The President of the United States, Joe Biden, announced this Friday a modest economic aid package for the Palestinian people in the framework of his brief visit to East Jerusalem and Bethlehem, in the occupied West Bank, which has been marked by the absence of any diplomatic initiative on the future of Palestine.
The president’s visit and announcement mark a change in form with respect to the harsh policy followed by his predecessor, Donald Trump, but they represent only a timid shift in substance and content.
They have also served to conclude the first half of his tour of the Middle East and head to Saudi Arabia, which is the part that has generated the most expectations and criticism.
During his visit to Bethlehem, Biden met with the president of the Palestinian Authority, Mahmoud Abbas, who in his subsequent appearance before the media asked the American leader for a greater commitment to the cause of the independence of his people and to end with the occupation and the “regime of apartheid” of Israel, in the words of the Palestinian leader.
Biden, for his part, has limited himself to reiterating his defense, empty of content, of the two-state solution, although he has maintained that this was not the right time to restart negotiations. “There has to be a political horizon that the Palestinian people can actually see or at least feel. We cannot allow despair to steal our future,” Biden declared, before adding that “the ground to resume negotiations is not ready at this time.”
The US president has also pointed out that the growing regional integration of Israel, for which he has indeed promised efforts by his administration, could contribute to revitalizing a political process with the Palestinians, but he has not detailed what way.
Biden’s arrival in Palestine has also been marked by the death of veteran Al Jazeera journalist Shireen Abu Akleh, who was shot dead in May by Israeli security forces while covering an incursion into the busy West Bank city of Jenin.
Despite the fact that multiple independent investigations have concluded that the reporter, who was of American and Palestinian nationality, was killed by Israeli fire, Israel and the United States have avoided firmly confirming or denying it.
In his appearance, Abbas has asked Washington to help demand responsibility for the death of the reporter, whom he has considered “a martyr”, while Biden – who has not been able to pronounce the journalist’s name correctly – has limited himself to consider his “death” a “huge loss” and to promise to continue assisting in the investigation, although he has not specified how.

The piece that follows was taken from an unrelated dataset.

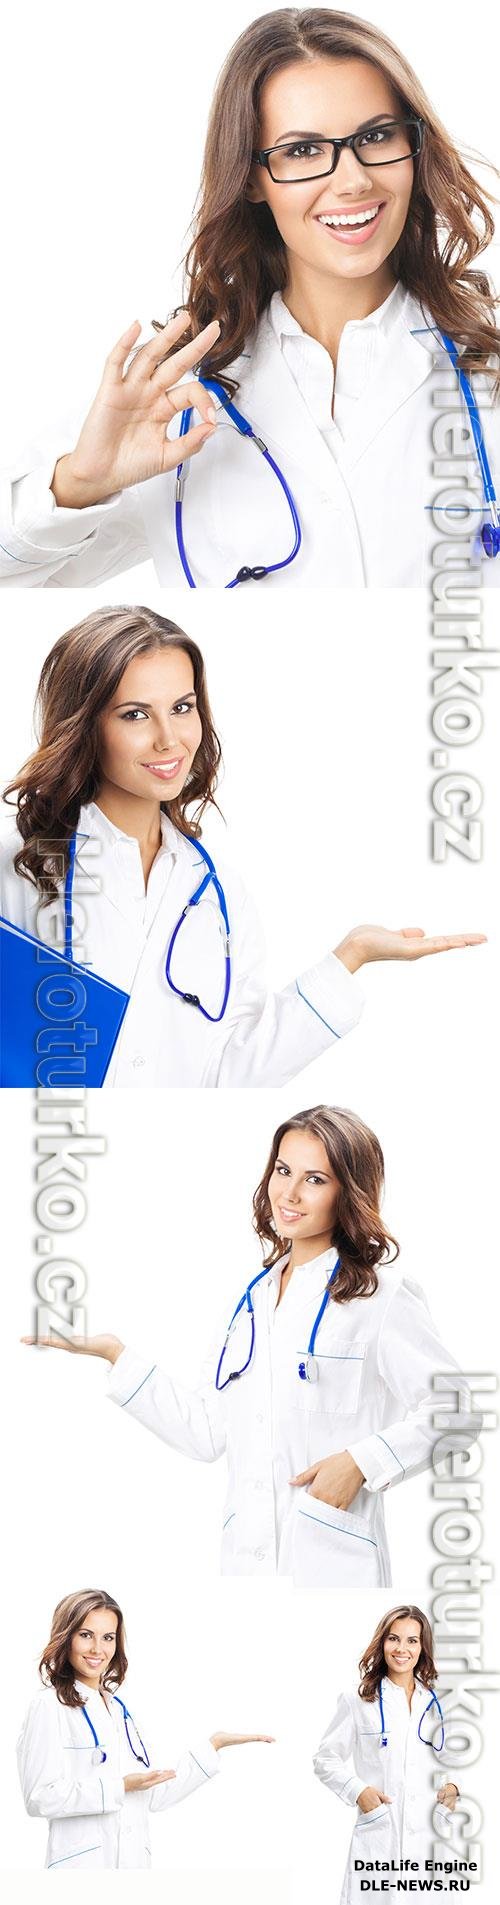 Woman doctor in different poses

While the Palestinian side did not harbor any great hopes for Biden’s visit, Abbas has urged him to at least follow through on some of his election promises such as reopening the US consulate in Jerusalem, removing the Palestinian Liberation Organization from Palestine (PLO) from its terrorist list, and allow the reopening of its diplomatic headquarters in Washington.
The US president, however, has considered that reactivating some economic aid to the Palestinian people, such as the one he announced this Friday, already represents going back on Trump’s policies. In an apparent attempt to downplay his presence in East Jerusalem as well, Biden has reiterated to Abbas that the United States continues to consider Jerusalem Israel’s capital and that “the specific limits of sovereignty” of the city must be resolved through negotiations, according to a White House statement.

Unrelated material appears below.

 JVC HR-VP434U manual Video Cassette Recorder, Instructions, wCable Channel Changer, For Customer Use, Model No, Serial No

One of the most anticipated aid announced by Biden during the day has been 100 million dollars (99.6 million euros), still pending approval by the United States Congress, destined for a network of hospitals in East Jerusalem that provide services specializing in patients from the West Bank and Gaza.
This is indirect aid to the fragile Palestinian government, which does not manage these hospitals but pays the costs of treating Palestinians from the West Bank and Gaza and has had problems doing so for months, which has added pressure to some centers that play a key role in your healthcare system.
Other aid announced by the US includes 200 million dollars for the UN Agency for Palestine Refugees (UNRWA, for its acronym in English).
For the Palestinian authority, that fleeting visit has also been overshadowed by the announcement of Saudi Arabia’s decision to open its airspace to planes coming from and going to Israel, which until now had to go around the country.
The gesture has been interpreted as another step towards a greater integration of Israel in the region, and suggests Riyadh’s willingness to participate in this process. Biden, for his part, has become the first president of the United States to fly directly from Israel to the Saudi city of Jeddah, where the second part of his regional tour will start and the one that concentrates the most expectation, after the Democratic president said during the 2020 presidential campaign that he would make Saudi Arabia an international pariah, for Riyadh’s involvement in the 2018 assassination of Saudi dissident Jamal Khashoggi at the Istanbul consulate.